La Stampa, 19 dicembre 2019
Visco in bilico per PopBari
Roma, ieri. Nelle sale barocche del Quirinale è l’ora degli auguri di fine anno. C’è la Roma dei palazzi che contano, politici, giudici, alti funzionari. E c’è il governatore di Banca d’Italia Ignazio Visco, nel vortice per la vicenda della Popolare di Bari. Fra gli invitati non si parla che di questo e del destino della legislatura. «Chi ci attacca fa errori di fatto e di diritto», dichiara Visco in un’intervista al Financial Times. Eppure fra gli advisor legali e finanziari che si sono avvicendati attorno all’ultima grande banca del Sud il commissariamento era auspicato da mesi. Secondo quanto risulta a La Stampa da tre fonti diverse, fra Roma e Bari la decisione era attesa sin da giugno, quando ormai era chiaro che il tentativo di unire l’istituto pugliese ad altre realtà più piccole con una norma ad hoc di incentivo fiscale non avrebbe funzionato. Al netto delle rassicurazioni fatte dai vertici al management, a ottobre la decisione era valutata come «inevitabile». Nel frattempo, a fine luglio, il presidente Marco Jacobini – uno dei principali artefici del dissesto – aveva lasciato le redini della banca al nipote Gianvito Giannelli con il voto dell’assemblea dei soci.

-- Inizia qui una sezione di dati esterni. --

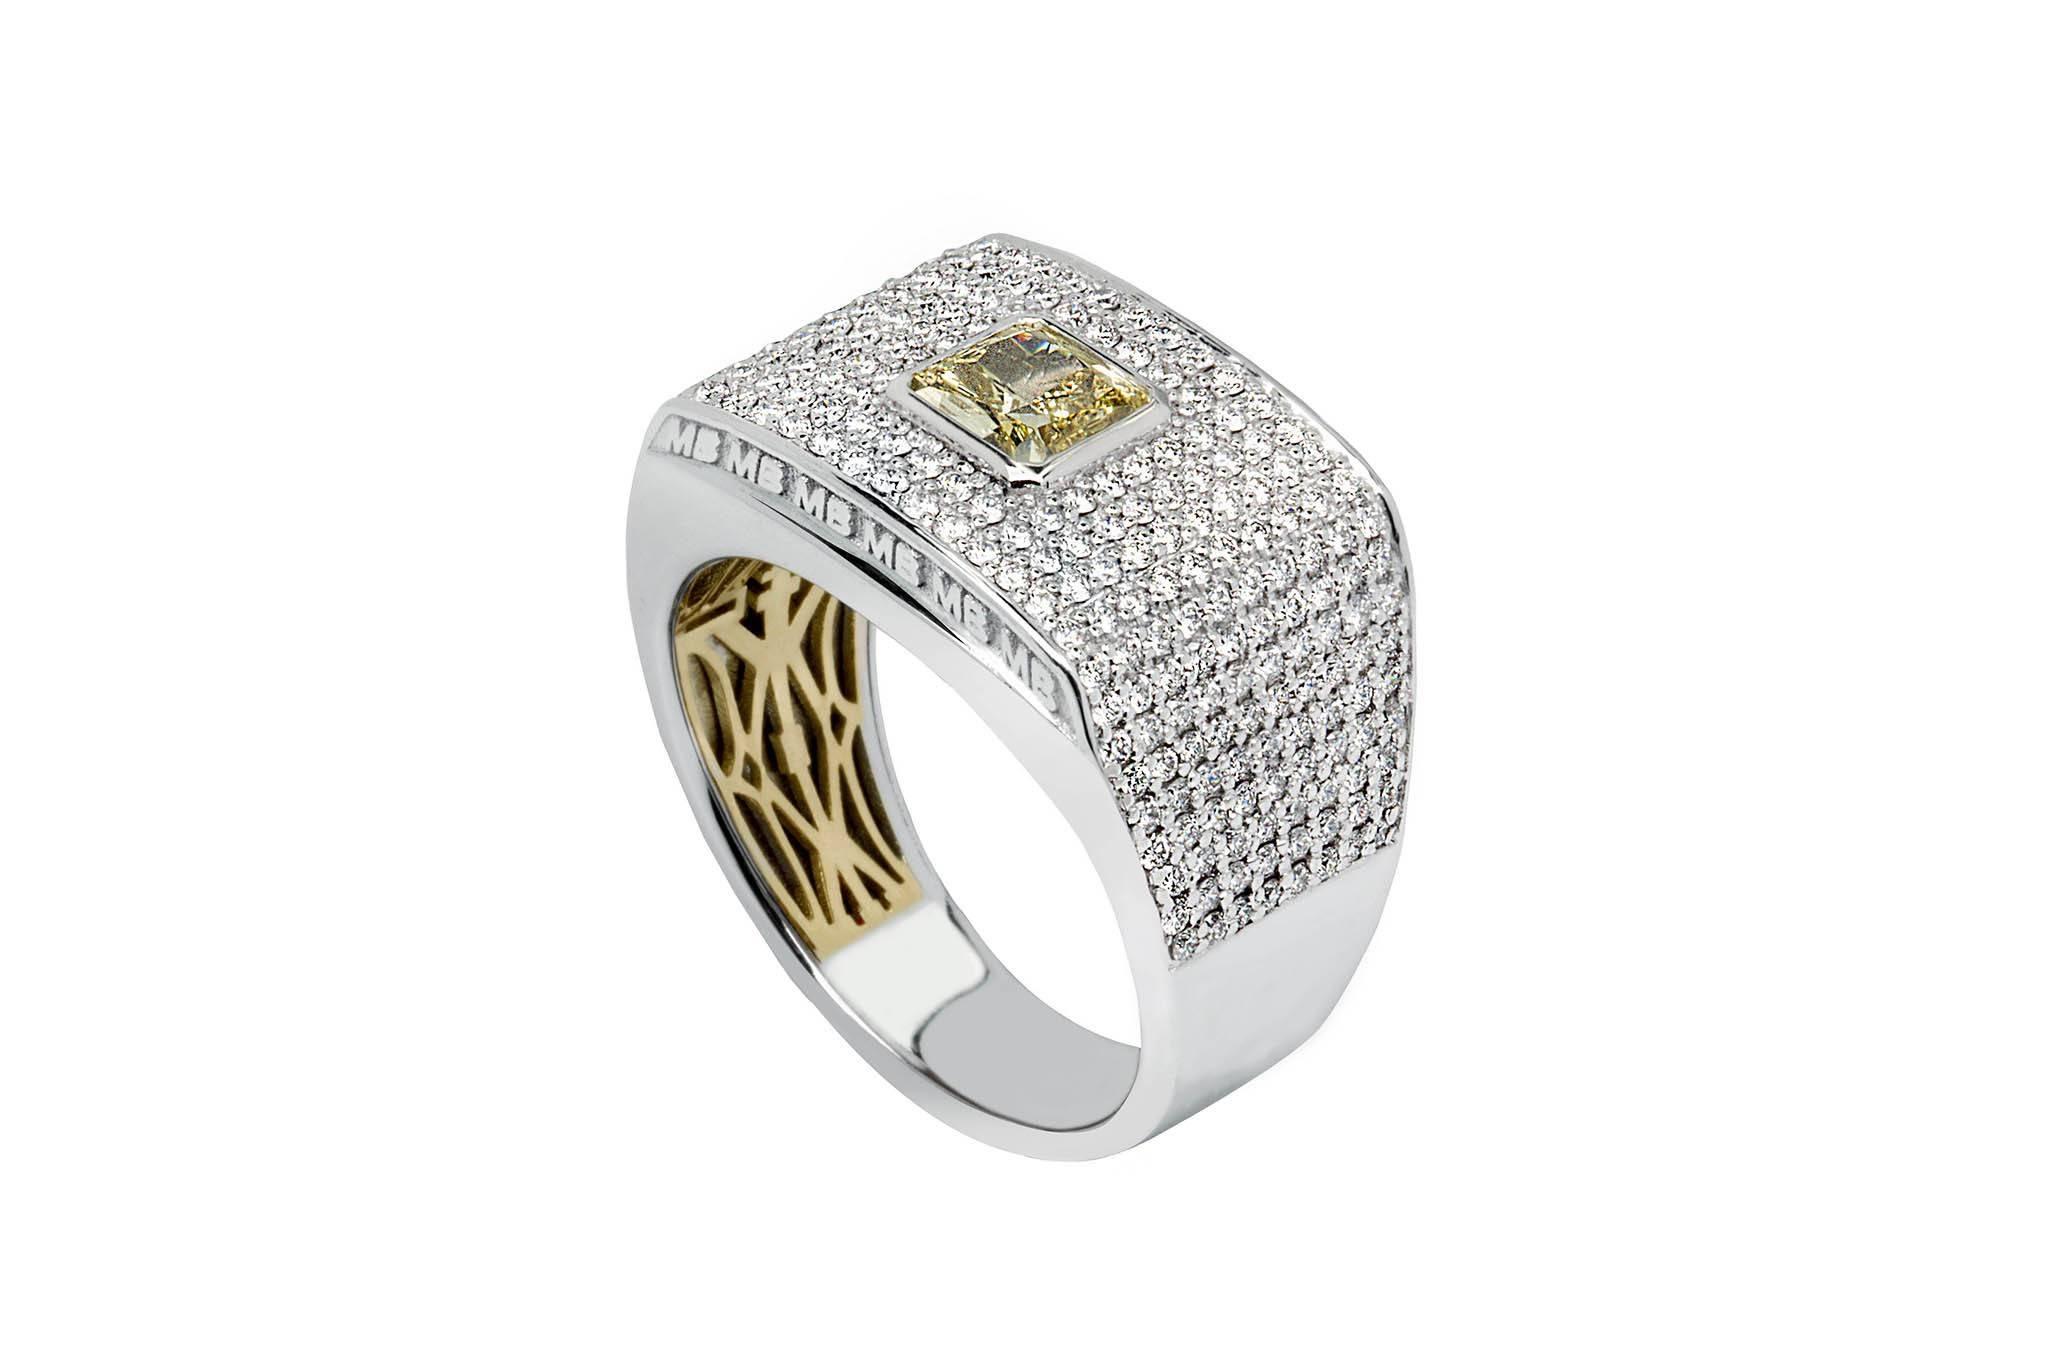 Wedding Rings For Him | Kalfin Intended For Custom Design Wedding Rings (View 2 of 15)

Perché la vigilanza abbia atteso così tanto per risolvere il pasticcio di Bari non è chiaro. Di certo nella maggioranza e nel governo c’è irritazione per quanto accaduto nelle ultime due settimane, quando sono iniziate a filtrare le iniziative della magistratura contro i vertici e il salvataggio della banca si è fatto urgente. Spiega un’autorevole fonte di governo Pd che chiede di restare anonima: «Non c’è dubbio che a via Nazionale si siano mossi con lentezza. Ma quando il commissariamento è diventato inevitabile ci è stato sollecitato il decreto». In una riunione riservata della maggioranza convocata una settimana prima della decisione – era venerdì 6 dicembre – si inizia a discutere concretamente di aprire la rete pubblica alla banca, senza alcuna certezza sulle decisioni di Banca d’Italia. Ci sono Conte, Gualtieri, Di Maio, Dario Franceschini, Roberto Speranza, il direttore generale del Tesoro Alessandro Rivera. È possibile che il presidente del Consiglio e il ministro del Tesoro siano avvertiti di un provvedimento imminente, fatto è che il renziano Luigi Marattin, spalleggiato da Pd e Cinque Stelle, vincola il decreto di salvataggio all’atto preventivo di via Nazionale. La polemica innescata da Renzi e Di Maio allarma Bankitalia, a quel punto preoccupata all’idea che il commissariamento senza garanzie statali provochi il panico fra i risparmiatori.
Il resto è storia recentissima. Una settimana dopo – è venerdì 13 – il governo vara un complicato intervento attraverso Invitalia e Mediocredito Centrale che Conte aveva negato fino a poche ore prima. Spiega ancora la fonte di governo Pd: «Al netto delle responsabilità della vigilanza, è innegabile che qualcuno stia soffiando sul fuoco per far saltare la nomina di Daniele Franco a direttore generale di Banca d’Italia». Franco, fino a qualche mese fa Ragioniere generale dello Stato, aveva rinunciato alla conferma dopo molti confronti muscolari con i Cinque Stelle su vari provvedimenti di spesa. Nonostante questo, a valle dell’indicazione di Fabio Panetta a membro italiano del board della Banca centrale europea, Franco è tuttora il candidato naturale alla poltrona di numero due dell’Istituto. La scelta del nuovo presidente della Commissione di inchiesta sulle banche sarà la cartina di tornasole del clima che si respira nei Palazzi: ieri il leader dei Cinque stelle Di Maio ha annunciato il «passo di lato» del senatore Elio Lannutti.